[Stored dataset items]
▬▬▬▬▬▬▬▬▬▬

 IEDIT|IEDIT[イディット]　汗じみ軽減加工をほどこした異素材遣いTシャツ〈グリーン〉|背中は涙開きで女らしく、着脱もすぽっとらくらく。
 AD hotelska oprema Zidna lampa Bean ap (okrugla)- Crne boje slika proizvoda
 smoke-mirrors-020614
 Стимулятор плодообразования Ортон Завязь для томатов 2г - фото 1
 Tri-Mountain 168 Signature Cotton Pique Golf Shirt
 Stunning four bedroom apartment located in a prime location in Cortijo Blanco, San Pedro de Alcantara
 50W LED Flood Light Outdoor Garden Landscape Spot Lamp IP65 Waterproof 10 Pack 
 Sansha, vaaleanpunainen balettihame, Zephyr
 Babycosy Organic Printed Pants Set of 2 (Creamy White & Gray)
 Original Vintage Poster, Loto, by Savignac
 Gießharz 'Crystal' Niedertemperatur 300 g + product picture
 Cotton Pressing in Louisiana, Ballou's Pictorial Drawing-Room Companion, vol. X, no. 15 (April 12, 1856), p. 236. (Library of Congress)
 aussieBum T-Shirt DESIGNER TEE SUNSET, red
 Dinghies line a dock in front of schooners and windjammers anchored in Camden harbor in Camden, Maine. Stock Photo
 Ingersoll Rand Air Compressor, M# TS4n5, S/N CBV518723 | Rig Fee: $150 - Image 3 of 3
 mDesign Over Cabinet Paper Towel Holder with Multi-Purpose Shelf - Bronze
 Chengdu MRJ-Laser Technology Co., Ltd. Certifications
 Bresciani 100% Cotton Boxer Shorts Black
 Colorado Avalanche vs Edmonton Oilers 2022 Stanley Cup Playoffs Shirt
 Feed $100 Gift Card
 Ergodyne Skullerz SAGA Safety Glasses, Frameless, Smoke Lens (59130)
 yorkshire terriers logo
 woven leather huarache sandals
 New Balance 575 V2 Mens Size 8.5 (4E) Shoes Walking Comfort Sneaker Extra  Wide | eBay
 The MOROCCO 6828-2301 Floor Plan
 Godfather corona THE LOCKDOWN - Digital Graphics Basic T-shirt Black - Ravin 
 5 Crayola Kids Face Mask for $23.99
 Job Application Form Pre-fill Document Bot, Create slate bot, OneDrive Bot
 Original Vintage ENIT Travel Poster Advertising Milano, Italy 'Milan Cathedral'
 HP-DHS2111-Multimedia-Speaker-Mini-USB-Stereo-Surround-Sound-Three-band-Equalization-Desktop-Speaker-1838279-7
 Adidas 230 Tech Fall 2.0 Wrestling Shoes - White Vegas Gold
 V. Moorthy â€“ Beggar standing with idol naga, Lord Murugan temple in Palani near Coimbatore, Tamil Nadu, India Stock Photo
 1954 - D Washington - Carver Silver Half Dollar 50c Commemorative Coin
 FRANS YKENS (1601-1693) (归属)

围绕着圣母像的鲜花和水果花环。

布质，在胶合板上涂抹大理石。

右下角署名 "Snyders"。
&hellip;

▬▬▬▬▬▬▬▬▬▬

▸ **Work instructions**
From the records above, transcribe without alteration every line from the one with "Tri-Mountain 168 Signature" to the one with "Babycosy Organic Printed", inclusive.

▸ **Answer to this problem**
 Tri-Mountain 168 Signature Cotton Pique Golf Shirt
 Stunning four bedroom apartment located in a prime location in Cortijo Blanco, San Pedro de Alcantara
 50W LED Flood Light Outdoor Garden Landscape Spot Lamp IP65 Waterproof 10 Pack 
 Sansha, vaaleanpunainen balettihame, Zephyr
 Babycosy Organic Printed Pants Set of 2 (Creamy White & Gray)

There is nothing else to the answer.